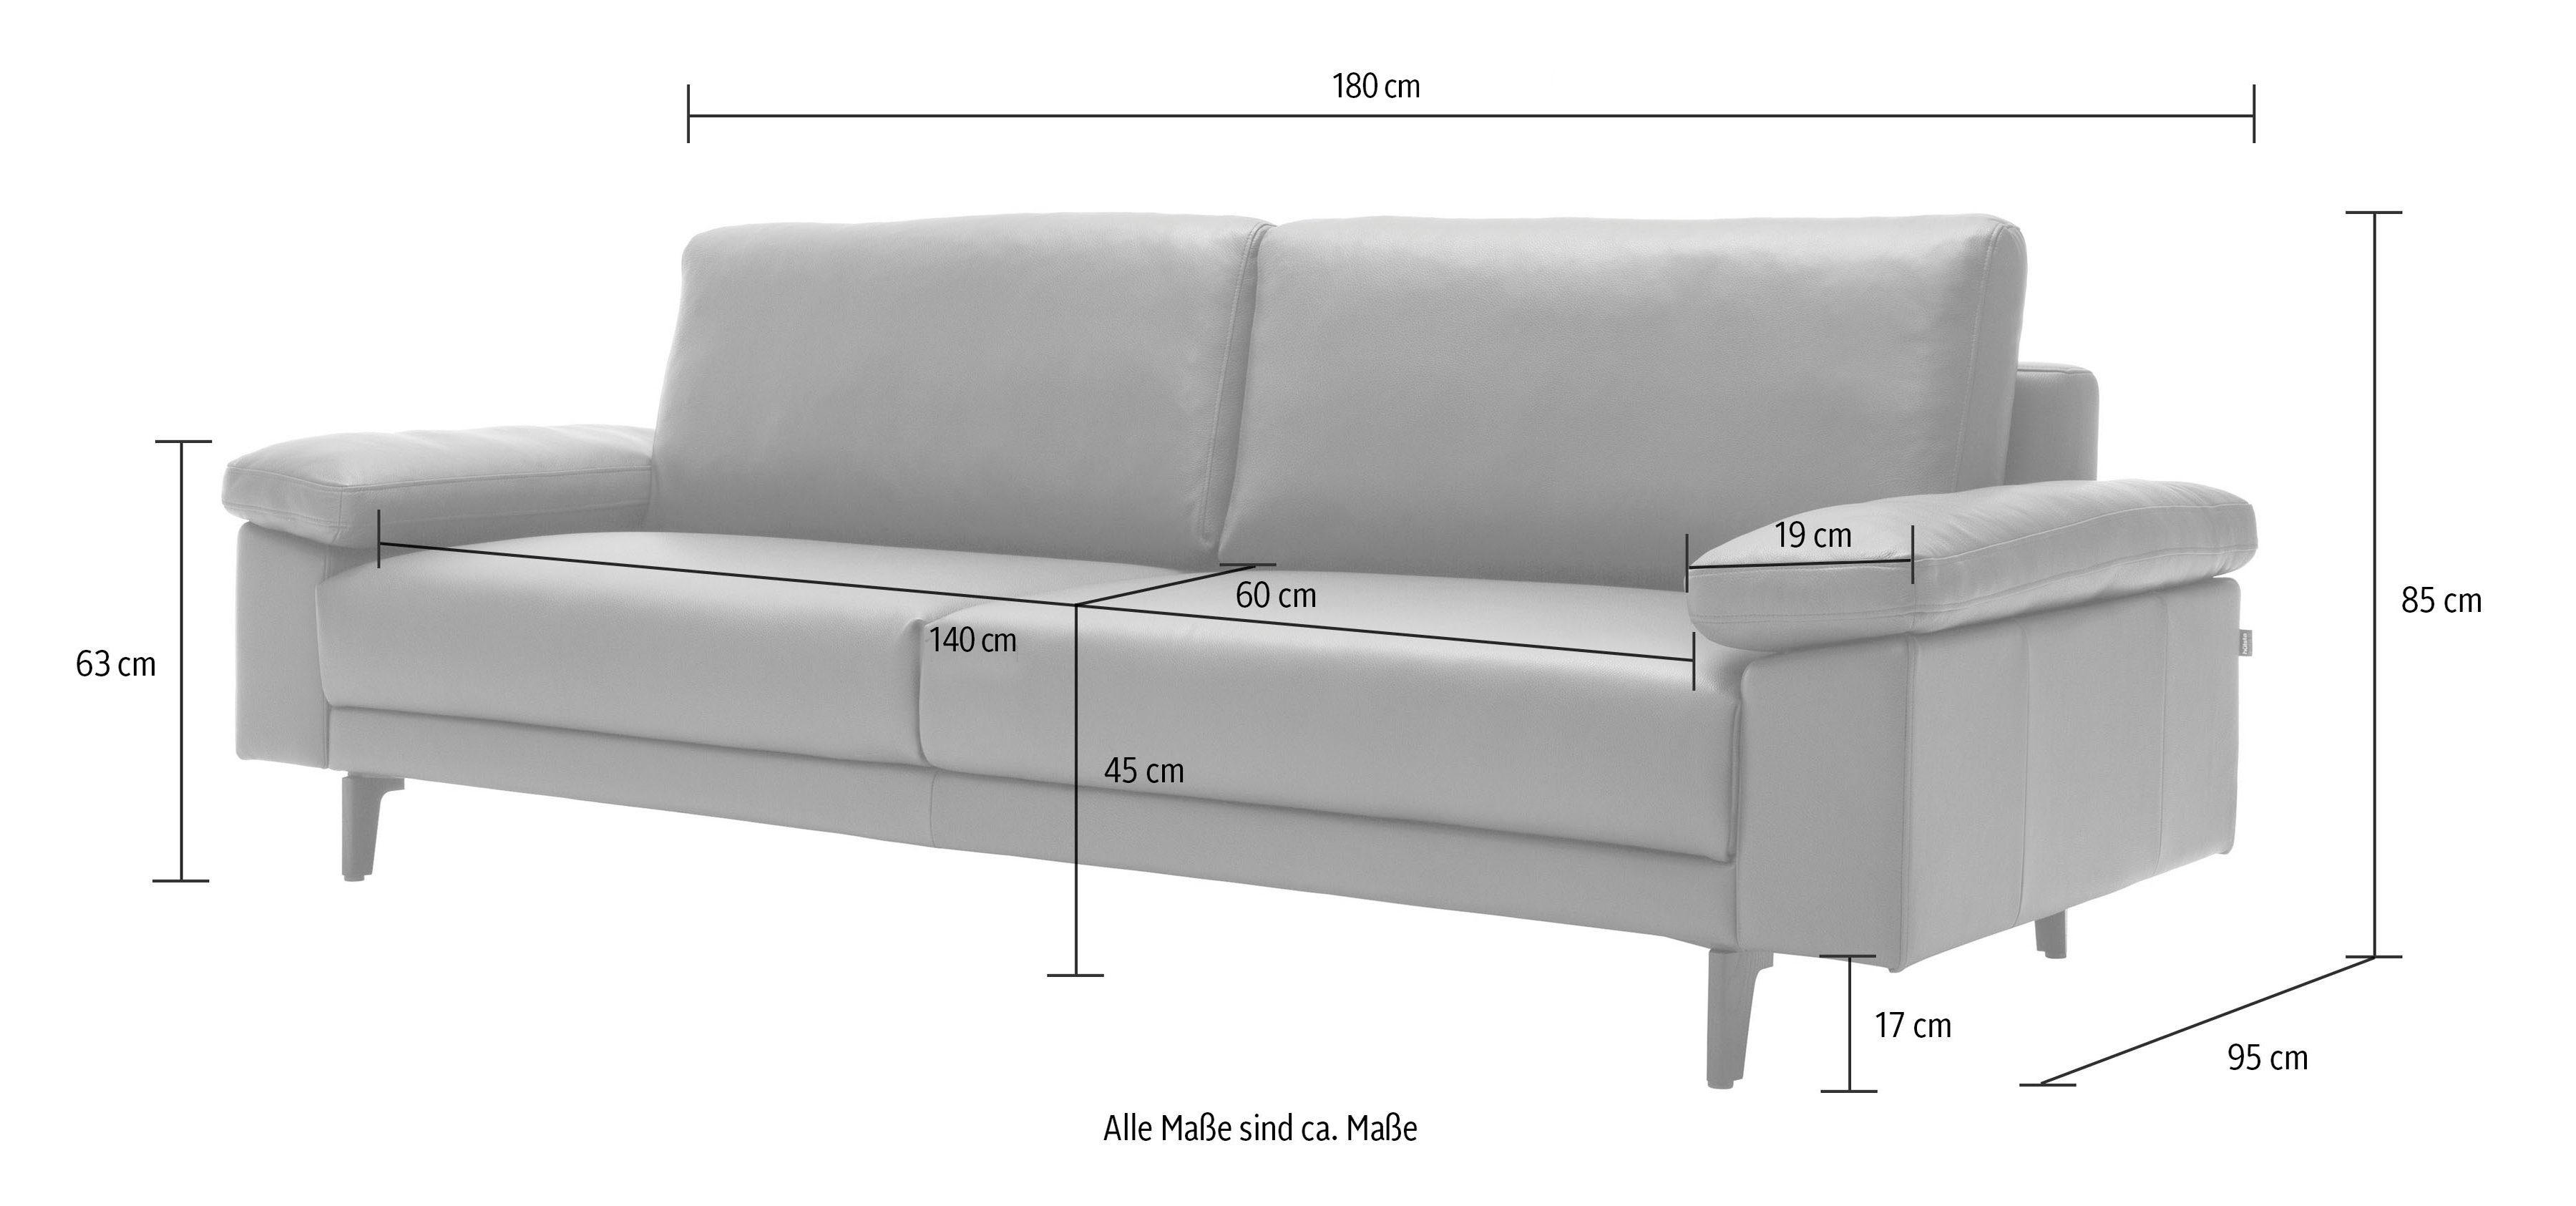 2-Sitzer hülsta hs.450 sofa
___
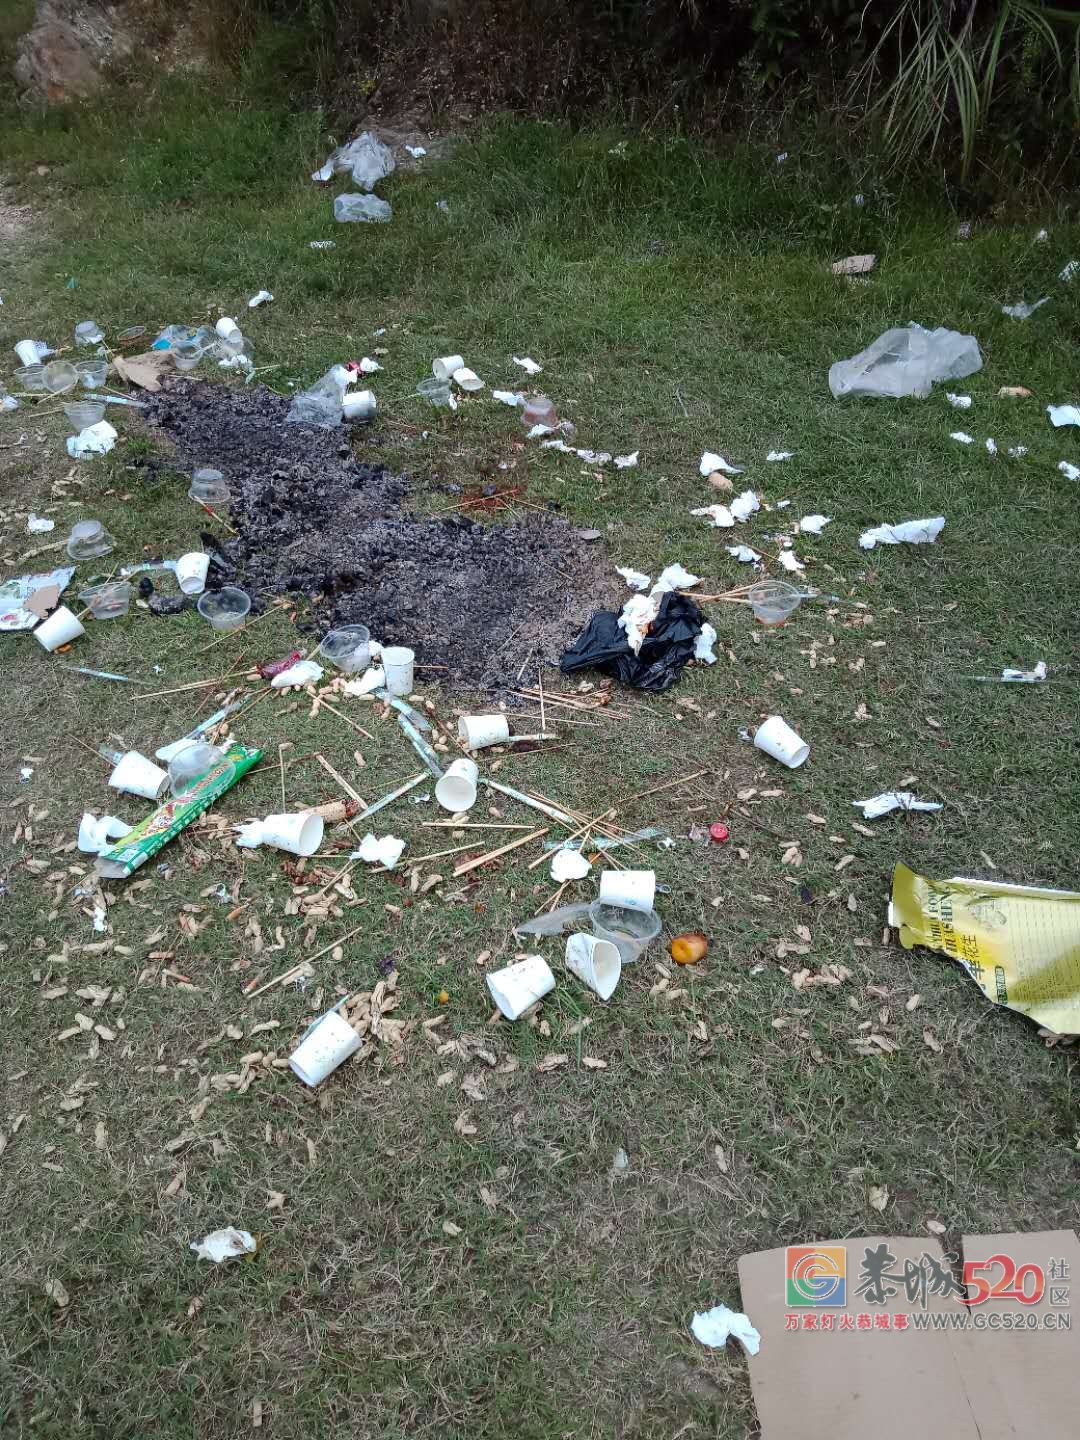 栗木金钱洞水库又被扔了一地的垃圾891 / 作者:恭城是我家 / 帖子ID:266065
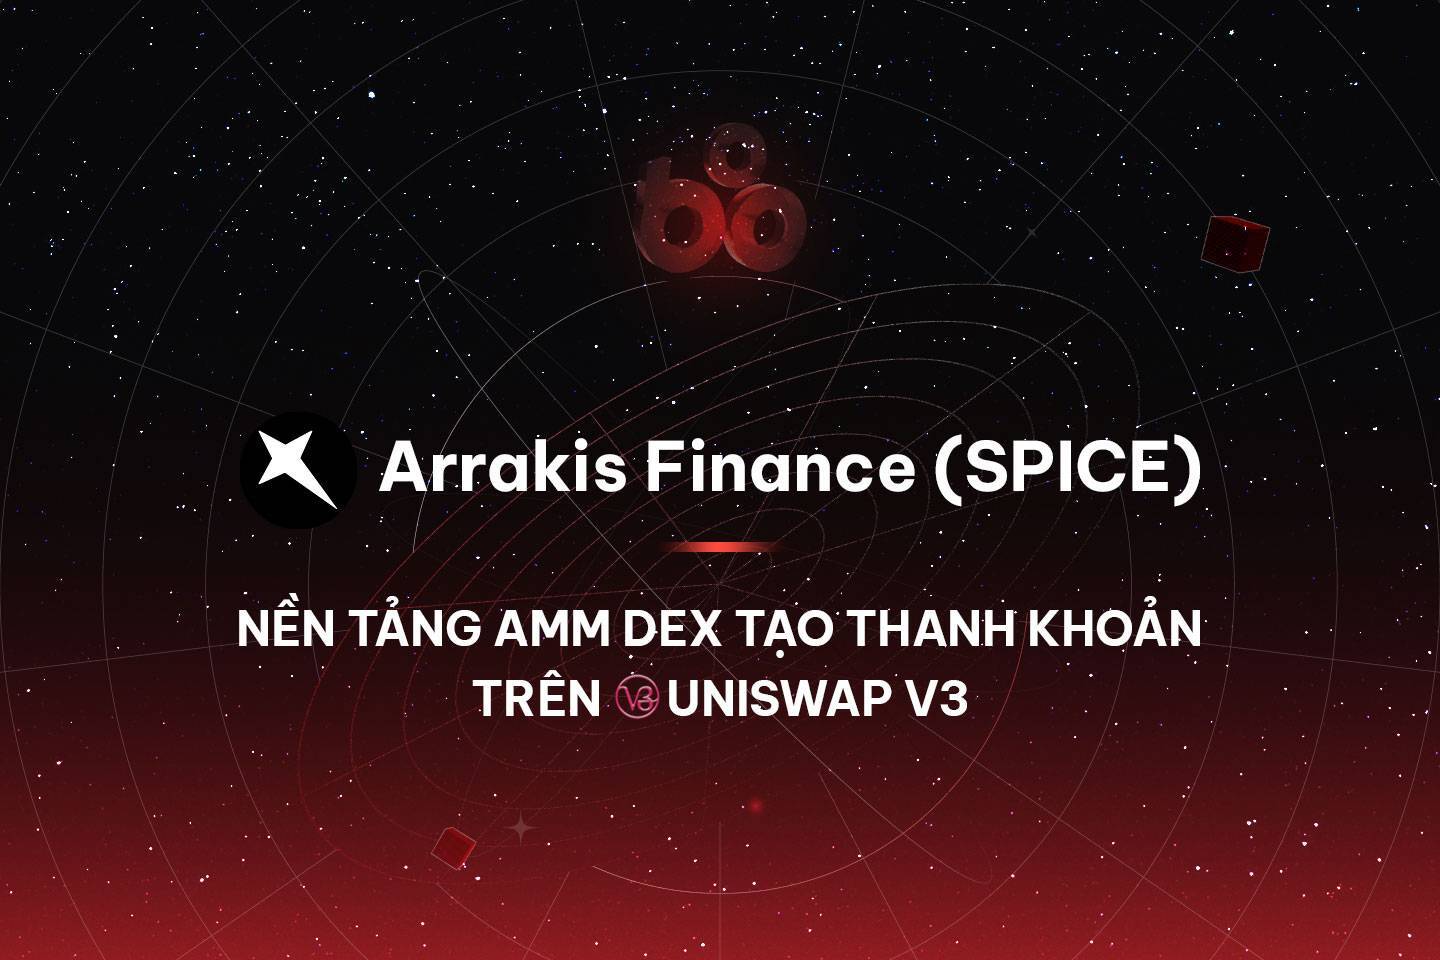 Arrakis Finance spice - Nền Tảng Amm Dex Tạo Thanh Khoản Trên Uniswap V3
___
#### Task requirements:
Take only the lines above from the one that has "栗木金钱洞水库又被扔了一地的垃圾891 / 作者:恭城是我家 / 帖子ID:266065" through the one that has "Arrakis Finance spice" and reproduce them exactly, omitting any pictures.

#### Result of the exercise:
 栗木金钱洞水库又被扔了一地的垃圾891 / 作者:恭城是我家 / 帖子ID:266065
 Arrakis Finance spice - Nền Tảng Amm Dex Tạo Thanh Khoản Trên Uniswap V3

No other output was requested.